Bryan M. Turner is Professor of Experimental Genetics at School of Cancer Sciences, Institute of Biomedical Research, University of Birmingham in Birmingham, UK.

He was educated at University College London, where he earned his BSc in Biochemistry (1969) and PhD in Human Biochemical Genetics (1973). Before moving to Birmingham University in 1981, he was at the National Institute for Medical Research in Mill Hill (1969–70) and the Mt Sinai School of Medicine in New York (1973–78).

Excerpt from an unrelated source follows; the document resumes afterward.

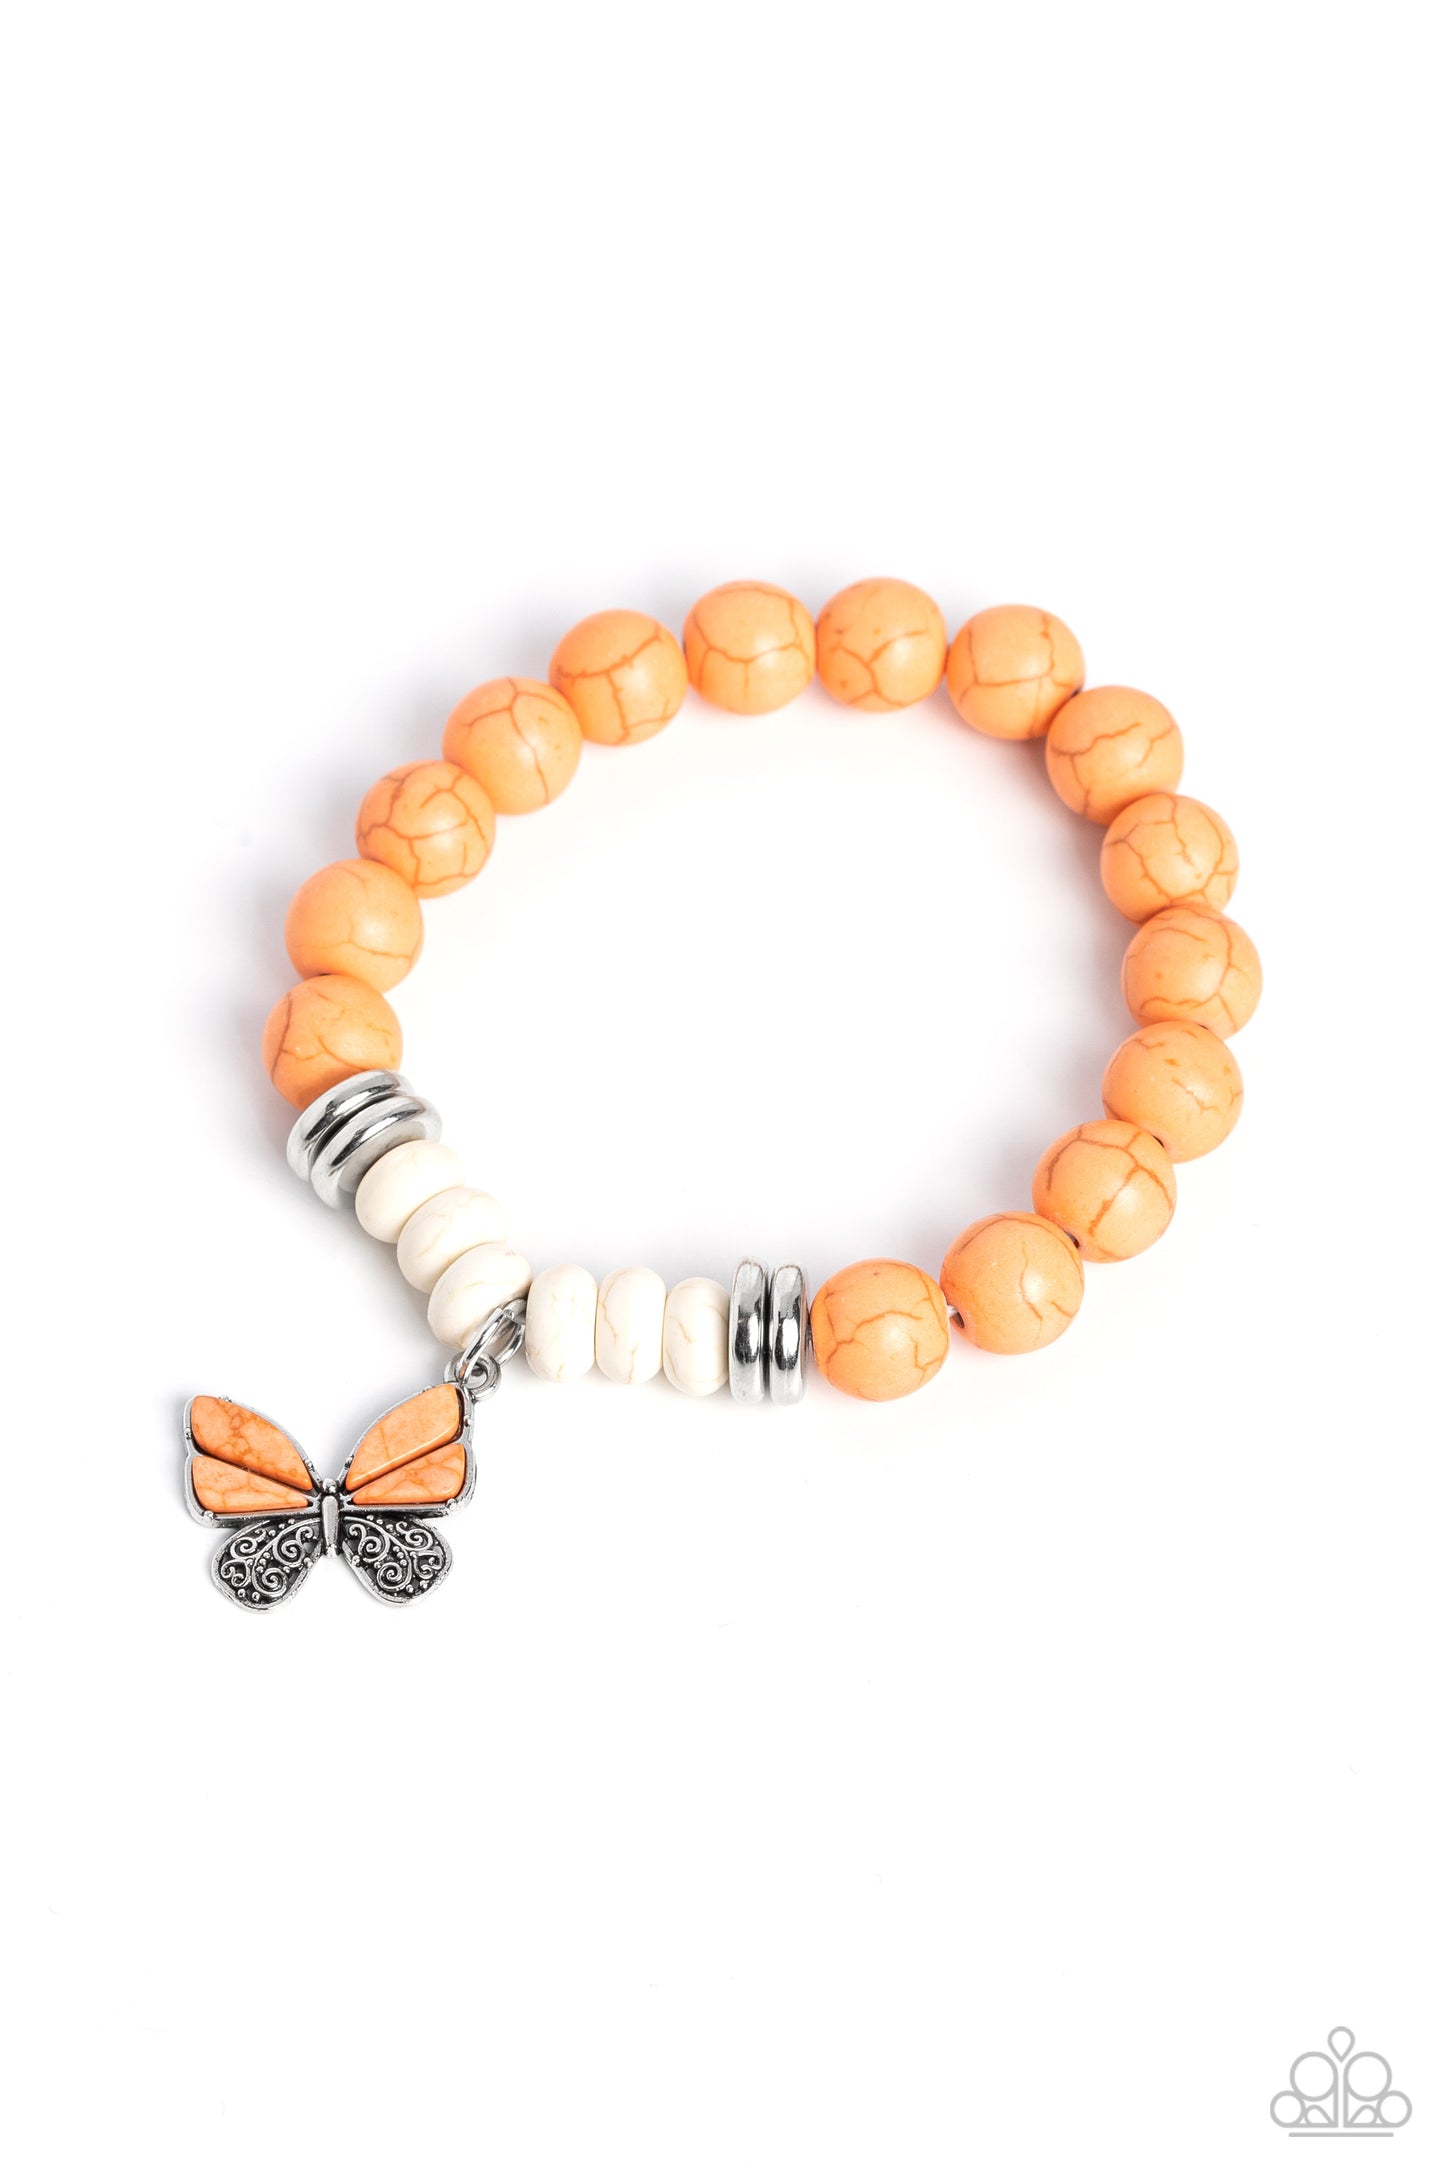 Bold Butterfly Orange Bracelet - Paparazzi Accessories  Polished orange and white stone beads are threaded along a stretchy band, with a sprinkle of metallic accents. A butterfly charm, featuring orange stone beads and swirls of silver filigree, swings from the design in a whimsical finish.  Sold as one individual bracelet.  P9SE-OGXX-203XX

He has contributed to the field of epigenetics. In 2000 he was elected a Fellow of the Academy of Medical Sciences. He was elected a Fellow of the Royal Society (FRS) in 2015, his nomination reads:
Bryan Turner pioneered the use of antibodies as reagents for research into chromatin and gene expression. He was the first to use synthetic peptides to raise antisera against histones post-translationally acetylated at specific amino acids and showed that these were uniquely powerful reagents for determining the chromosomal distribution of histone modifications. His demonstration that acetylation of a specific lysine on histone H4 marked up-regulated gene transcription of the Drosophila male X chromosome opened the way to a functional understanding of the histone marks. These novel tools allowed him to link histone deacetylation to gene silencing via the discovery that chromosome-wide histone deacetylation distinguishes the inactive X chromosome in female mammals.